From: Kirill Korotaev <dev@openvz.org>
To: unlisted-recipients:; (no To-header on input)
Cc: Andrew Morton <akpm@osdl.org>,
ext4-devel@lists.sourceforge.net,
Linux Kernel Mailing List <linux-kernel@vger.kernel.org>,
devel@openvz.org, Andrey Savochkin <saw@sw.ru>,
sct@redhat.com, adilger@clusterfs.com,
Monakhov Dmitriy <dmonakhov@sw.ru>
Subject: Re: [PATCH] retries in ext3_prepare_write() violate ordering requirements
Date: Tue, 14 Nov 2006 12:20:35 +0300 [thread overview]

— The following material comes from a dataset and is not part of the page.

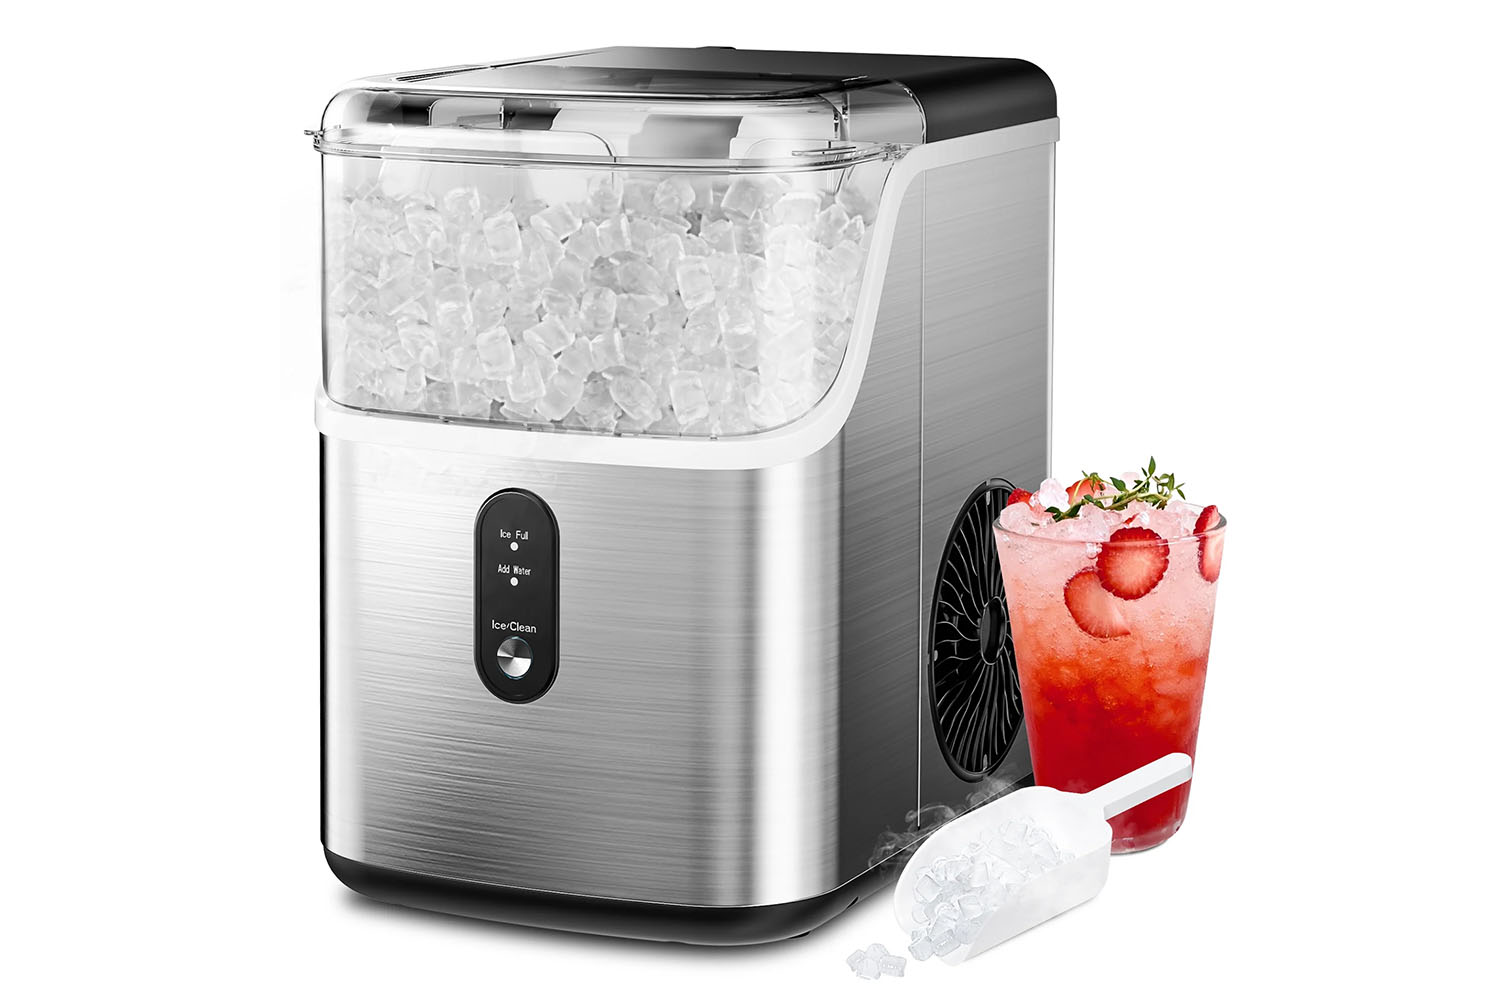 The Simzlife nugget ice maker on a white background.

Message-ID: <45598A63.4030500@openvz.org> (raw)
In-Reply-To: <4558679E.5010507@sw.ru>
Andrew,
Dmitry confirmed that it works in NOBH mode as well
and when quota limit is hit.
Thanks,
Kirill
> Andrew,
>
>
>>>in journal=ordered or journal=data mode retry in ext3_prepare_write()
>>>breaks the requirements of journaling of data with respect to metadata.
>>>The fix is to call commit_write to commit allocated zero blocks before
>>>retry.
>>>
>>
>>
>>How was this problem detected? (ie: why was block_prepare_write() failing?)
>
> purely theoretically while hunting for other bugs related to ext3 and quota.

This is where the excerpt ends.